The tale of King Herla is one of the most fantastical medieval legends. Telling of a faerie encounter that ends on the banks of the river Wye in good old Herefordshire.

King Herla one of Britain’s earliest Kings was in his court when a small man rode in and claimed that he too was a king, a king of many other kings. In his friendly manner he proposed that the Kings visit each other stating, “I will attend your wedding and a year later you will attend mine.” And so it was when King Herla married, the small king attended accompanied by his servants and a large entourage. A wonderful wedding took place and about a year later, the small king returned with an invitation for King Herla to his wedding.

A Faerie Celebration

King Herla arrived at the small king’s kingdom and followed others through a crevice in the cliff face. Nervously winding his way through pitch black tunnels into the mountain, he was relieved to spy a magical light and the most wonderful wedding taking place. King Herla and his men feasted and celebrated for three days and were given lavish gifts, horses, hawks, hounds and hunting gear. As he was about to leave King Herla was singled out and given a special gift, a bloodhound and was told by the small King to never dismount his horse until the hound did of his own accord.

Heading home King Herla spotted a shepherd and asked of news of his Queen and Kingdom. The shepherd appeared to barely understand him at first for he was a Saxon and King Herla a Briton, but relayed that the kingdom was now in the possession of the Saxons and had been for two hundred years. That the previous King had disappeared in the company of a faerie King and was never seen again.

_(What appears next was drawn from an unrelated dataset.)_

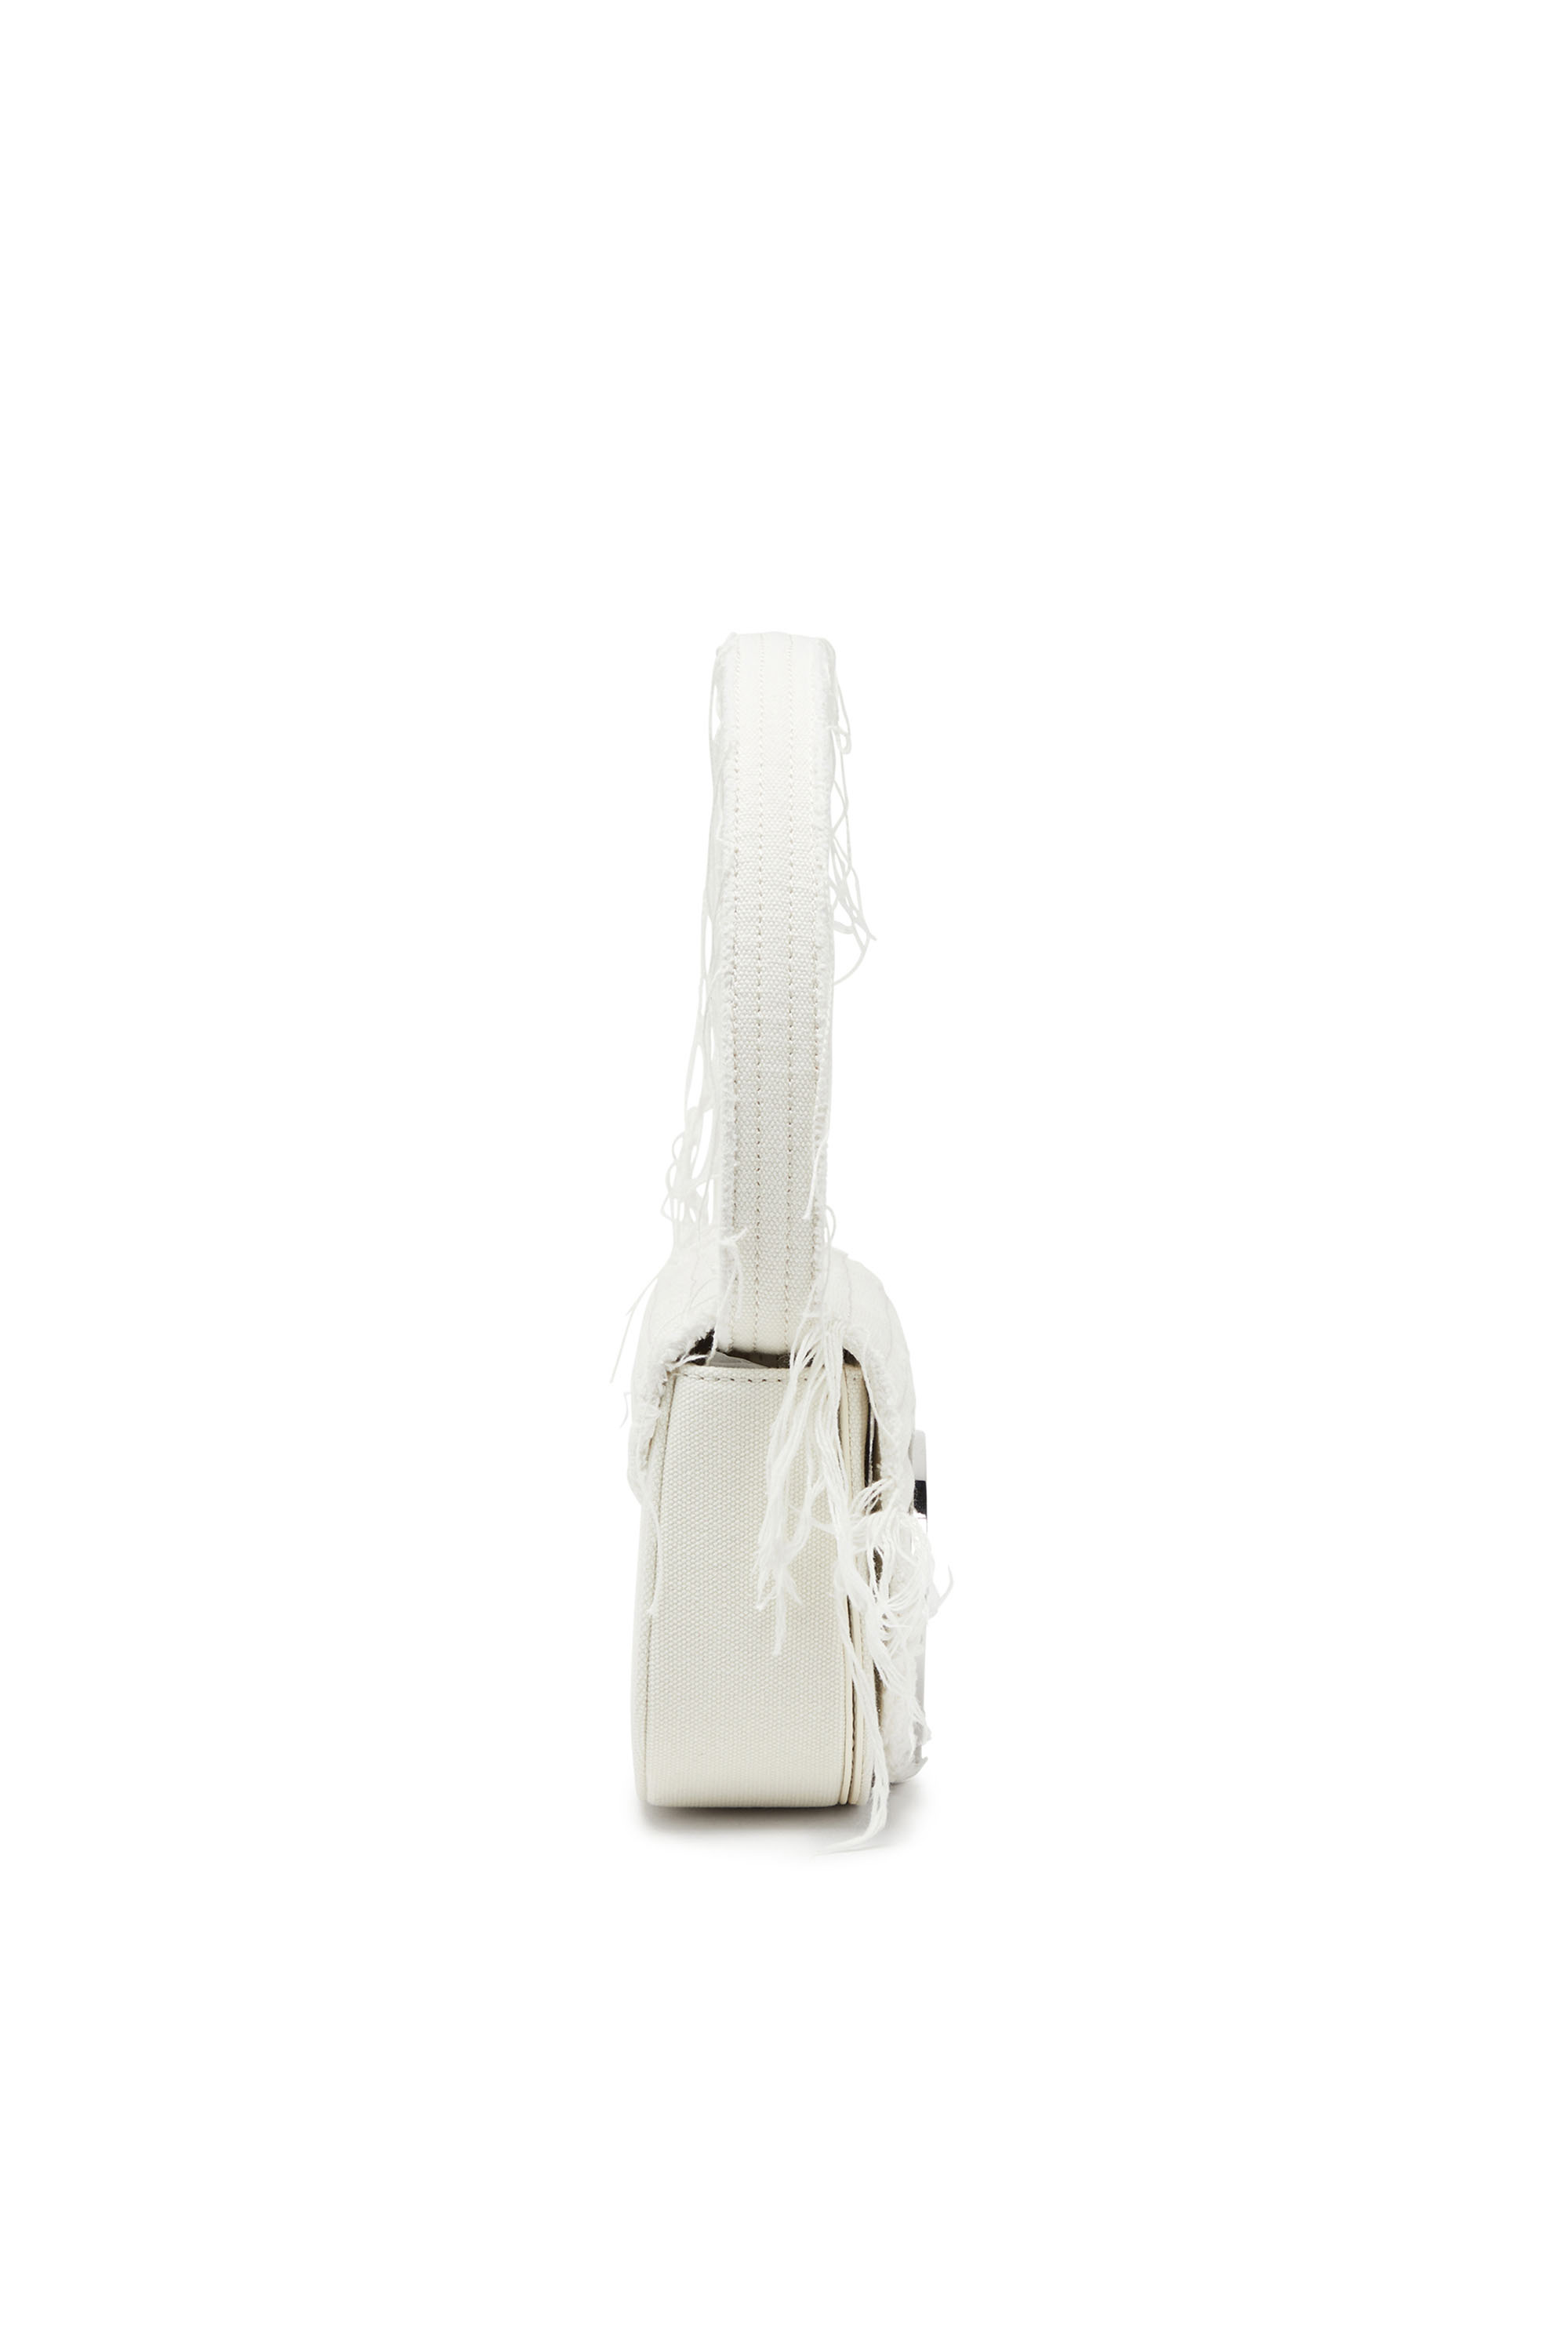 Diesel - 1DR, Woman 1DR-Iconic shoulder bag in canvas and leather in White - Image 3
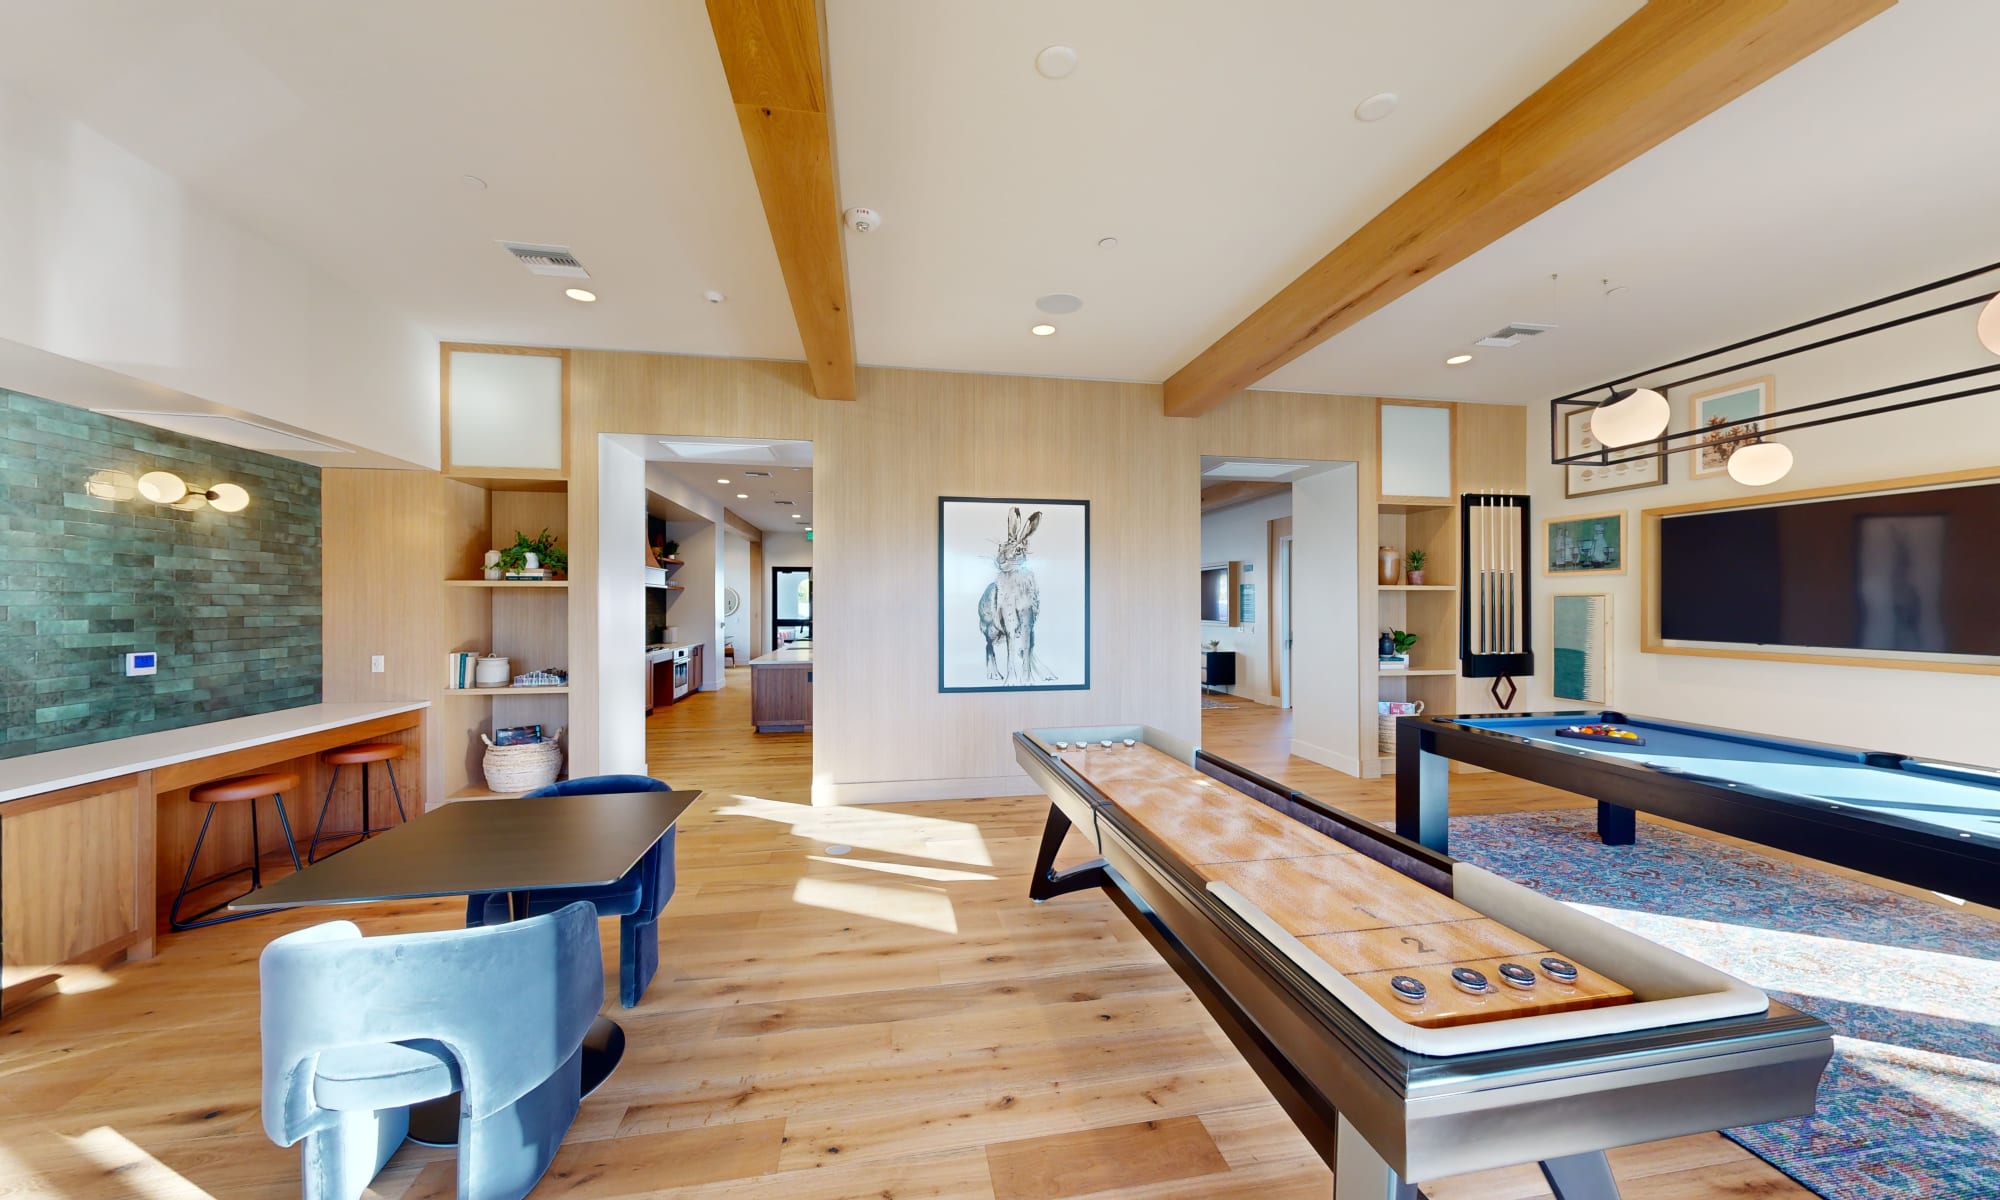 Shuffle board and pool table in the resident lounge at The Villas at Anacapa Canyon in Camarillo, California

Heed the words of the Faerie King

King Herla was clearly stunned by this news. A few of his men began to dismount in shock, forgetting the small King’s warning concerning the bloodhound. As soon as their feet touched the ground, the men instantly turned into dust. King Herla quickly ordered the rest of his men to stay mounted until the dog obliged them by leaping down.

But the dog never did leap down. The ages passed and King Herla’s company were condemned to a long, lonely march through time.

Accordingly to myth and legend they were last seen in the marches of Wales and Hereford in the first year of the reign of King Henry II. At that time, King Herla’s company were said to have been accosted by a large group of armed Welshmen, forcing the company to plunge into the river Wye, turn into air and vanish forever.

The moral of this wonderful tale is always be wary of accepting wedding invitations from faerie Kings!